I don't think I have permission to access MIRAGE_DATA
, so I'm unable to run the notebooks all the way through. Could you check that adding stdatamodels==0.2.4
to requirements.txt
, creating a fresh conda environment, and following the installation process doesn't affect the notebooks' results?
@ojustino was there any error when you did not have stdatamodels? If you type 'pip freeze' after installing pre-requirements.txt and requirements.txt do you see stdatamodels? My conda setup using requirements.txt file already has stdatamodels (0.3.0) and I don't have to install it separately.
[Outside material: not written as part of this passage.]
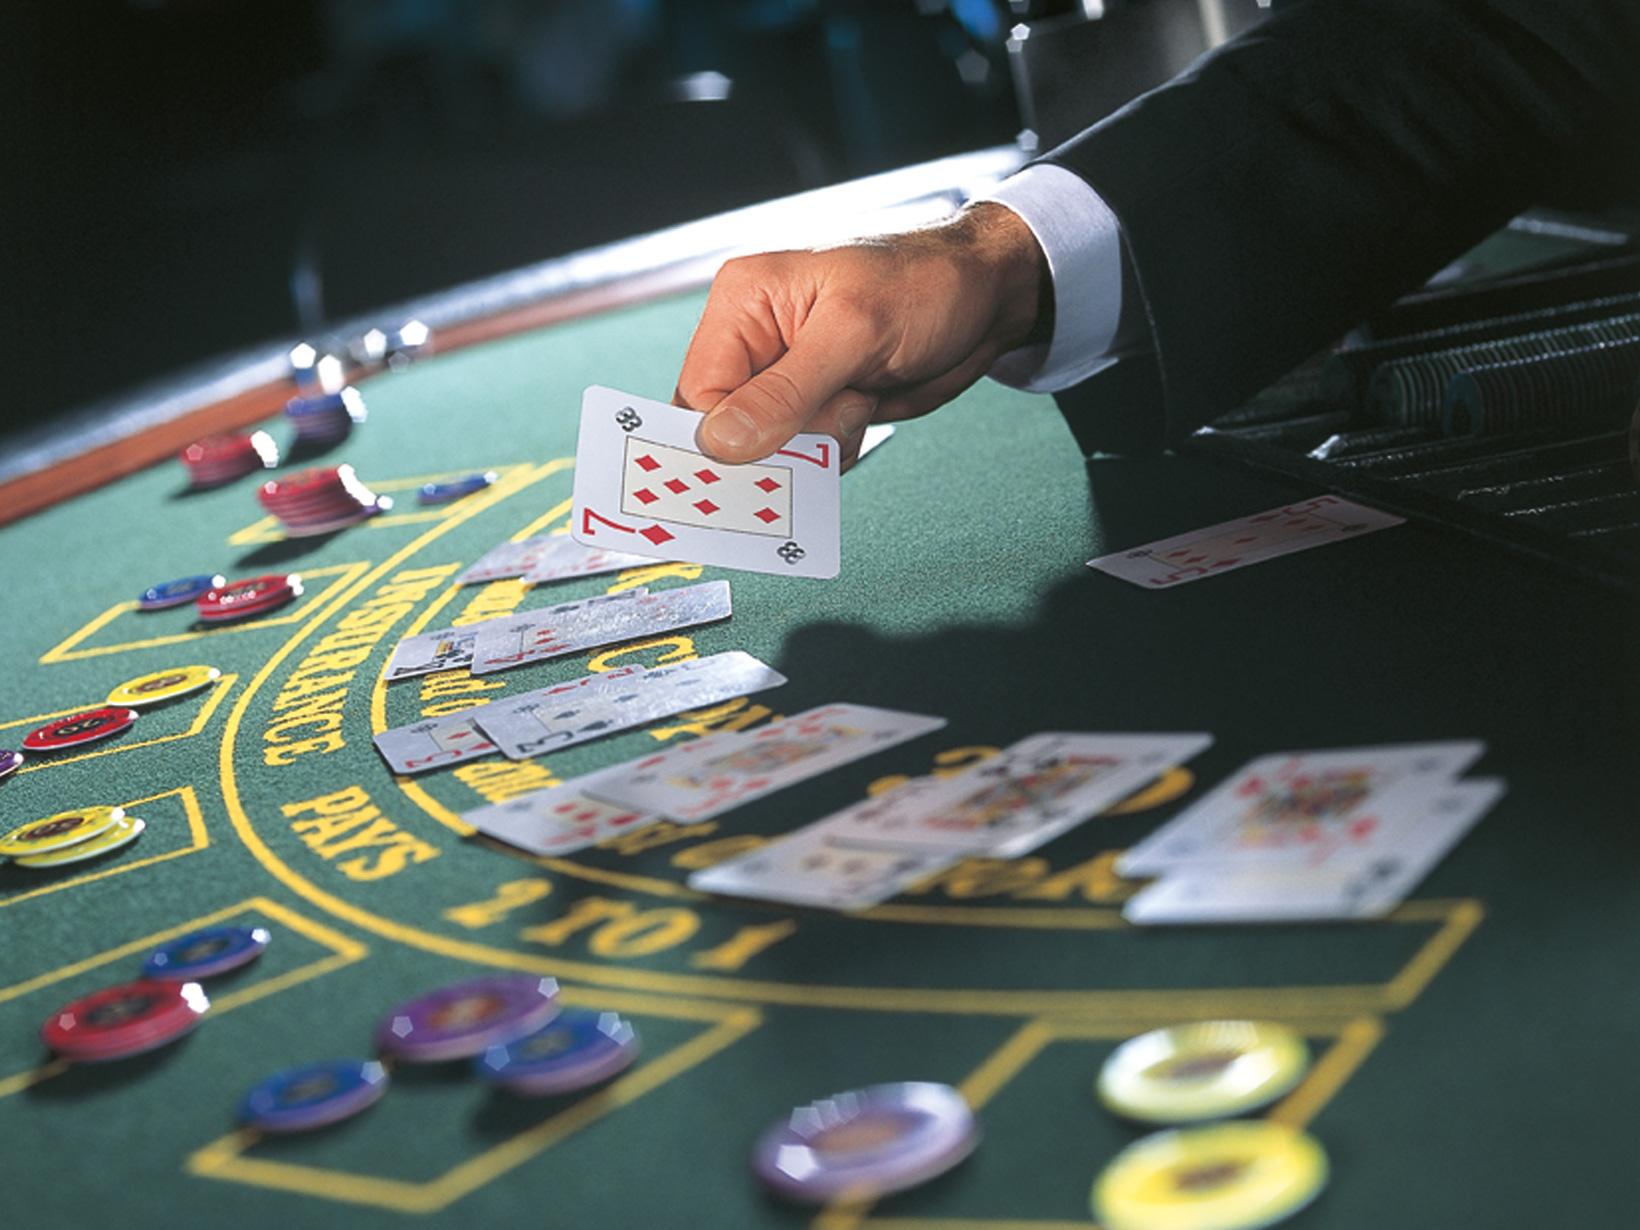 Spielbank, Arrangement, Pauschale, Jeton, Bad Steben, Casino

Mirage data can also be installed following the instructions on https://mirage-data-simulator.readthedocs.io/en/latest/reference_files.html however it's good to have access to it on the central storage. Maybe you need permissions from someone?
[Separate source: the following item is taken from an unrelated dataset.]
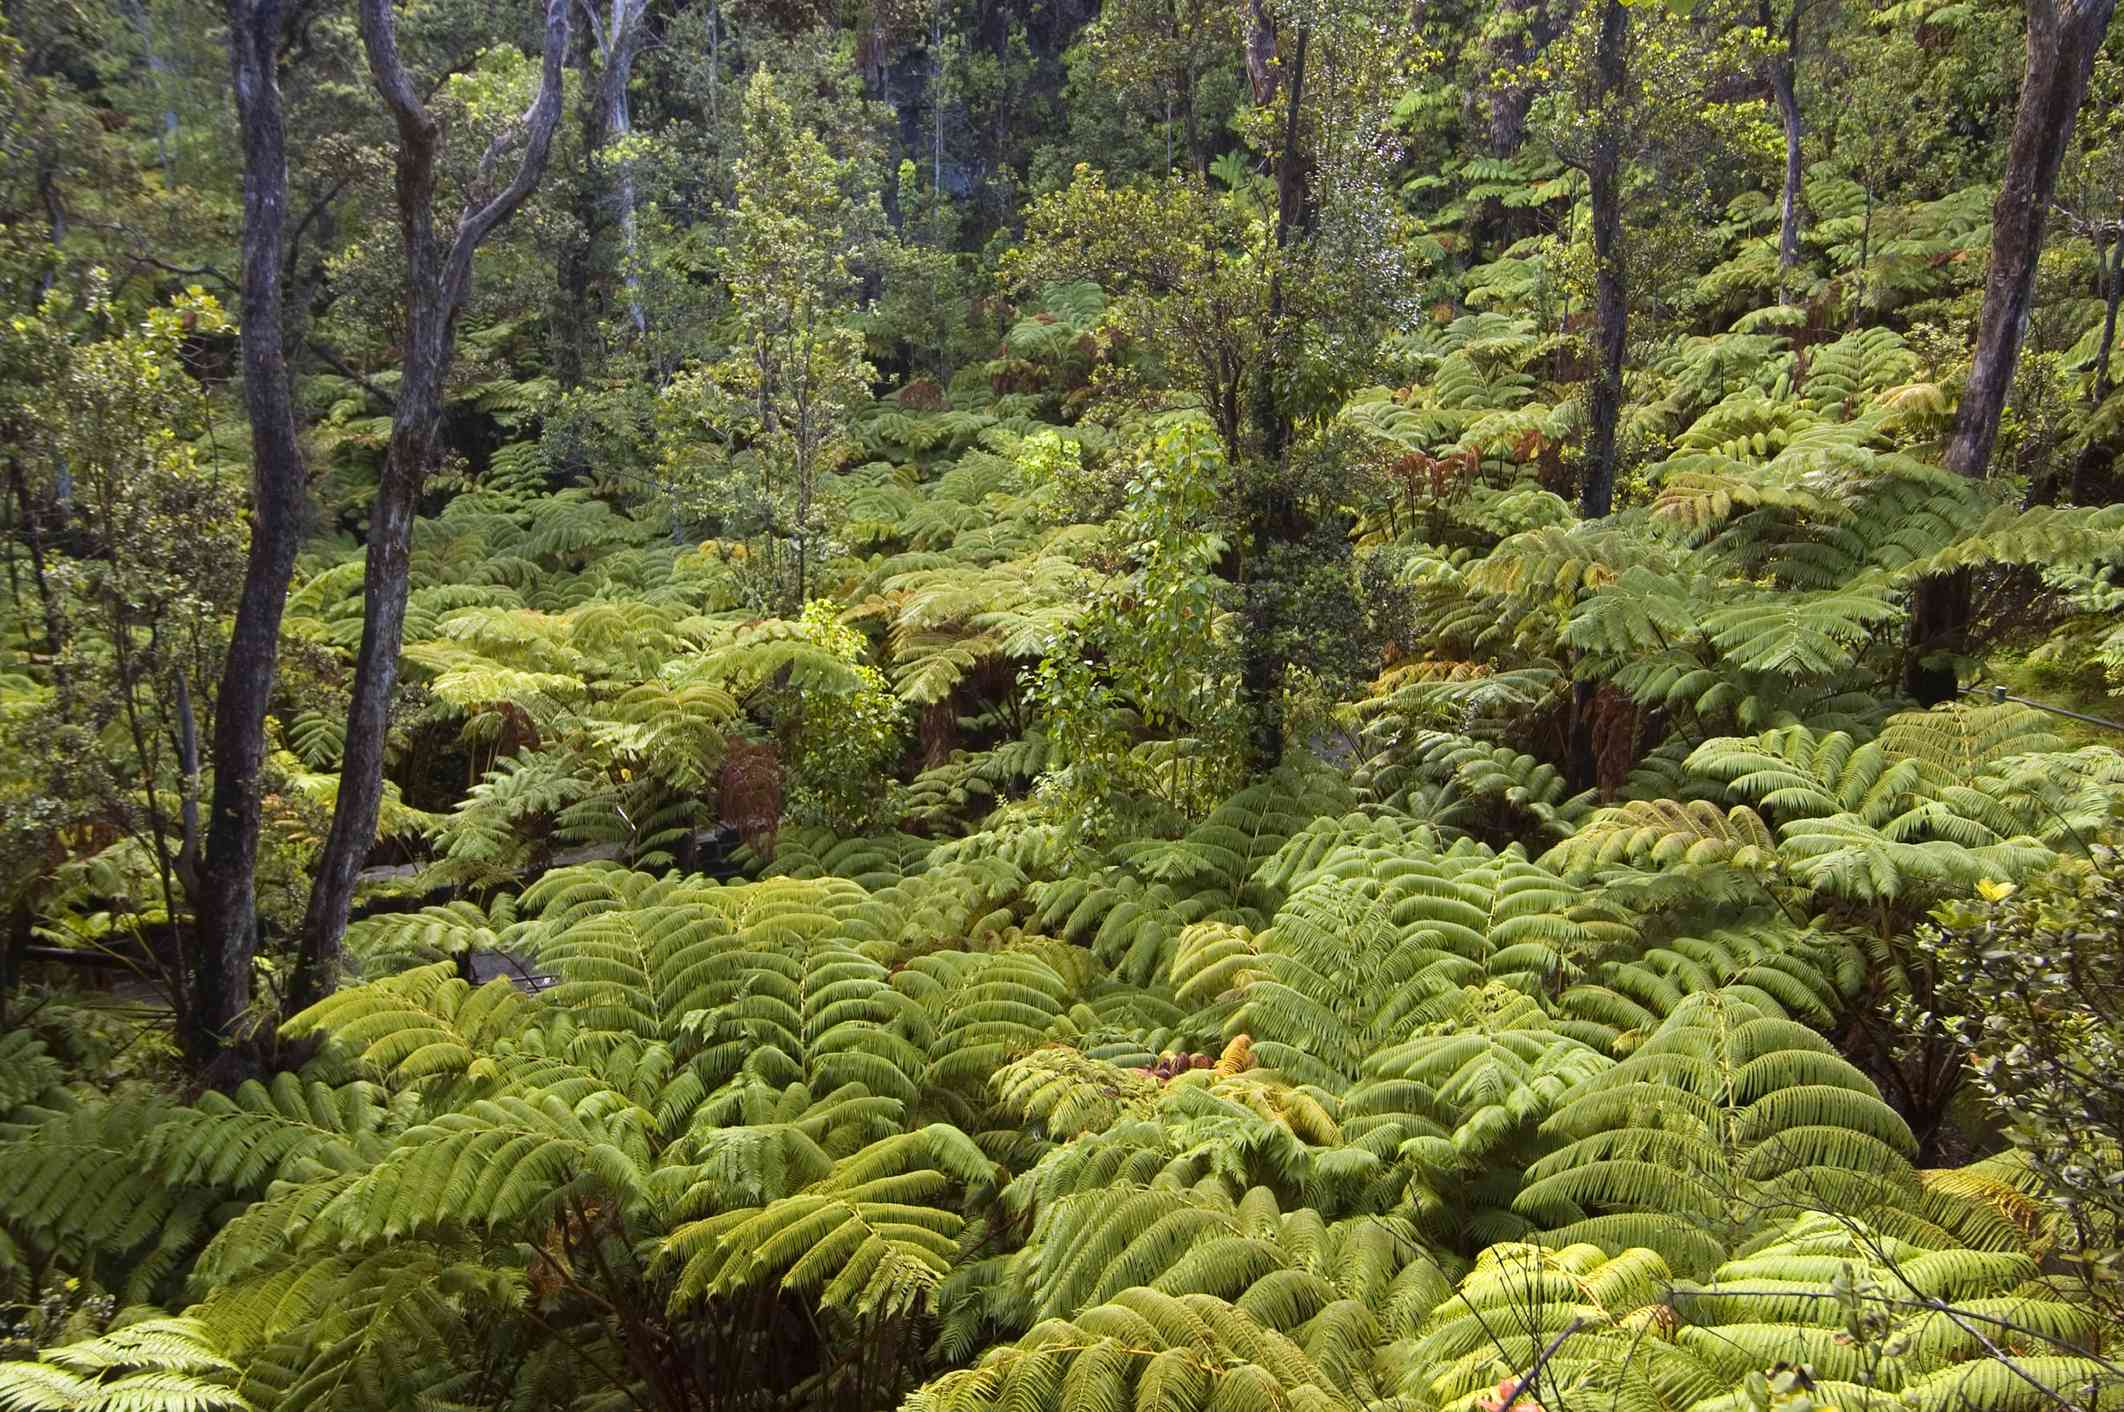 Ferns in the rainforest in Volcanoes National Park

Hi @dthatte, I understand that stdatamodels
should already be there. I'm saying that I get an error when trying to import packages in these notebooks that's fixed for me by changing to version 0.2.4. Are you able to run the import cells without errors?
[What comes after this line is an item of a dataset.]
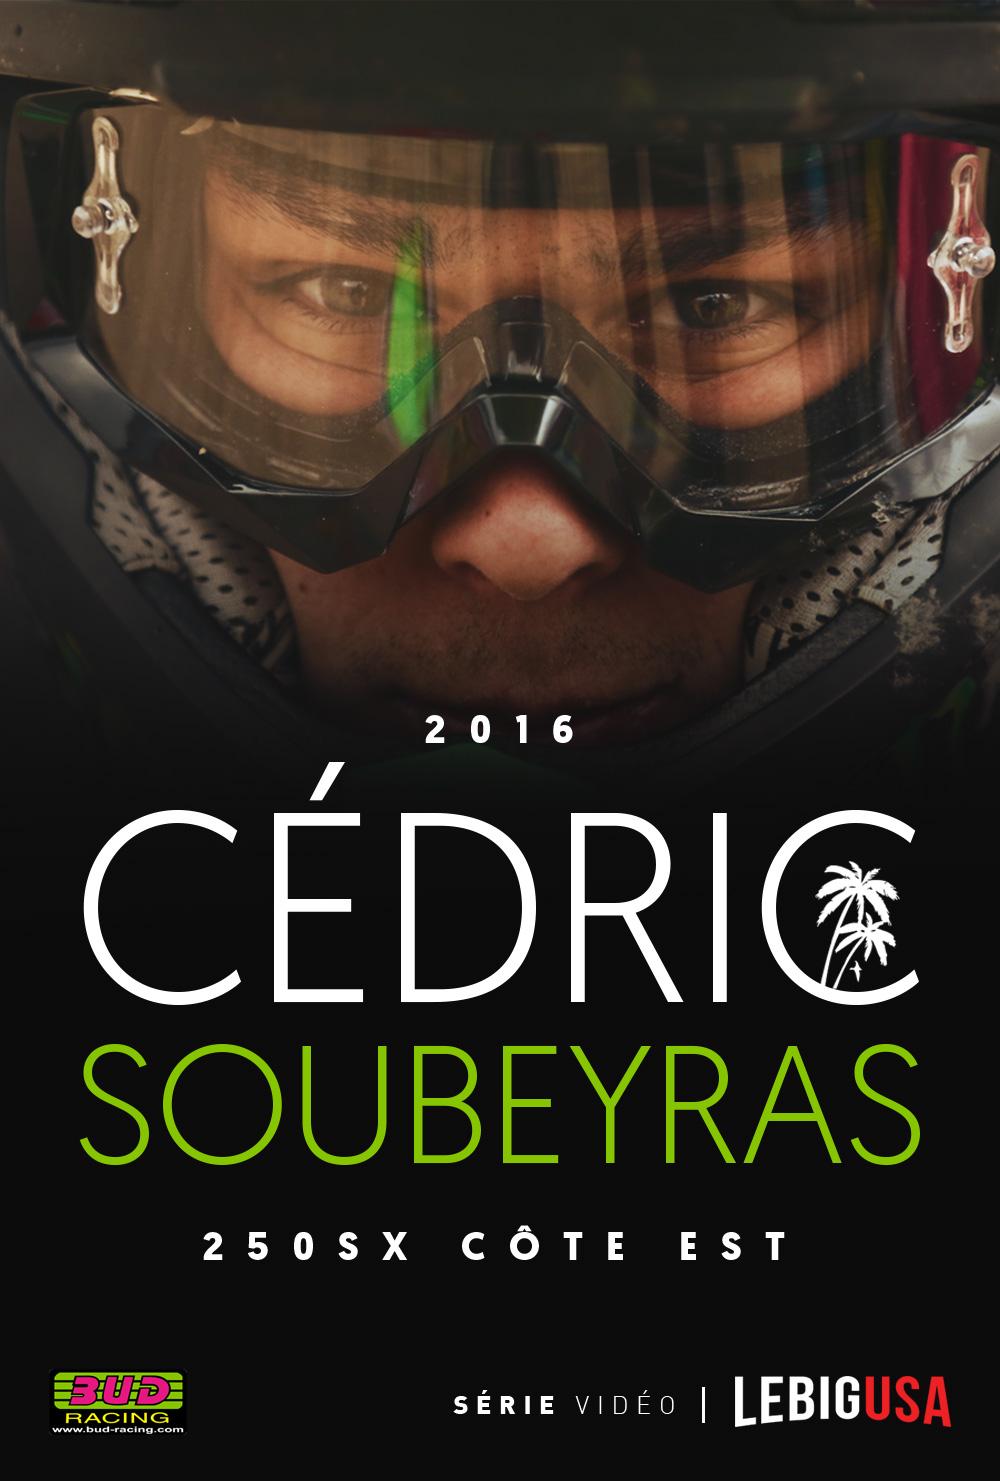 Cédric Soubeyras en SX 250

The Mirage files are a 100+ GB download, and the notebook has already been verified to run all the way through, I'm just asking for confirmation that following the steps from my last comment won't cause any new errors.
I've pasted the error below. (Although this traceback is for Python 3.9, I've encountered the same roadblock with other versions, too.)
---------------------------------------------------------------------------
ImportError Traceback (most recent call last)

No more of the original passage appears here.